Back

@ivan

This is true for every normal binary package repo. But where is the attac vector for the #nixos #nix binary cache?

SHA256 collisions are very rare, expensive and leave a large trail of evidence. Exposes and burns after first use everyone involved. Forever.

Individual targeted checksums would require control of your source code repo as well. If this is the case you are equally f*** with or without using a binary cache at all.

So, yes, stay away from toxic corporate controlled flakes, git repos, channel, …

Ask every contributor to sign his project repo git commits & tags. Then it’s easy to pin down and publicly burn bad actors.

Pin down the public community cache public keys yourself. Do not trust upstream defaults. Verify via different communication channel.

example.nix

nix.trusted-public-keys = [

"nixpkgs-unfree.cachix.org-1: hqvoInulhbV4nJ9yJOEr+4wxhDV4xq2d1DK7S6Nj6rs="

"nix-community.cachix.org-1: mB9FSh9qf2dCimDSUo8Zy7bkq5CX+/rkCWyvRCYg3Fs="

"cache.nixos.org-1: 6NCHdD59X431o0gWypbMrAURkbJ16ZPMQFGspcDShjY="
];

https://github.com/paepckehh/nixos/blob/main/configuration.nix

@paepcke
> But where is the attac vector for the #nixos #nix binary cache?

Hashes are only for source (or fixed) outputs.

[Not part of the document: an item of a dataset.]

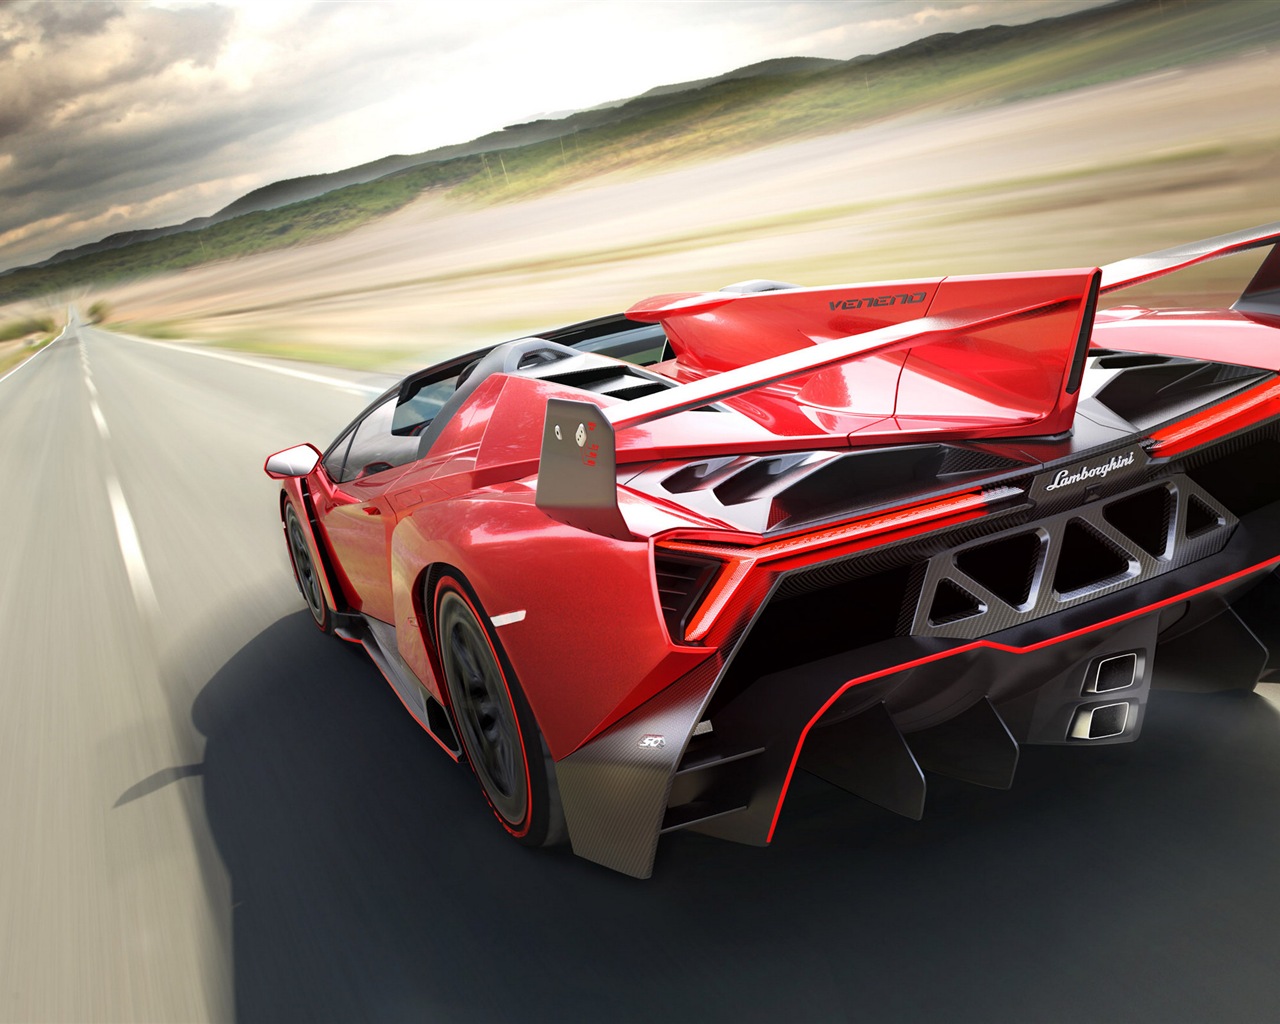 2014 Lamborghini Veneno Roadster red supercar HD wallpapers #2 - 1280x1024

Nix derivations are *input* addressed (by default, I’m ignoring content-addressed derivations which are not stable as of today) not *output* addressed

When you try to `nix build nixpkgs#hello` you have no idea of what the output should look like (besides build the package yourself and compare your result to that of others doing the build too à la trustix)

NORMALLY building that package should follow its regular build instructions (and use its *input* addressed dependencies). But if I can push to a cache, nothing stops me from creating a malicious NAR that has a backdoored result. There’s nothing that guarantees a particular NAR is the result of building via the build instructions in the actual derivation file. That’s why Nix has a model for signing builds and trusting particular substituters: you have to trust they build the package with the actual instructions and didn’t do something malicious

@ivan

The nixstore digest itself declares the (claimed) input parameters only, but fails to feed the SRI (Subresource Integrity) part for the actual binaries / folder content into the hasher loop?

Thats bad, since pinning down the exact input parameter should lead to 100% bit-by-bit reproducible binaries with every modern toolchain.

Without, the executables trust relies completely on the AppAmor hashes only.

Time for a code review and some discussion in the RFC section I guess!?

At least, if anyone can reproduce a single valid >signed< bad package, the company, business model and attack model is burned.

Maybe we need some x509 CT (certificate transparency logs) equivalent at some point.

@paepcke
> At least, if anyone can reproduce a single valid >signed< bad package, the company, business model and attack model is burned.

Signing a malicious package with *someone else’s* key is going to be difficult (unless you have the means to break the current cryptographic algorithms)

But if an attacker convinces you to trust *a key they control* you are toast. This is why you need to be careful with whose substituter keys you mark as trusted

@zstg @ivan probably determinant systems. There was some drama awhile back over Nixcon sponsors and DetSys was tangentially related IIRC. I’m not the best person to talk about this as I tried to ignore most of it. OP probably has better information. That being said, DetSys does maintain a fork of Nix that, IMO, reeks of EEE.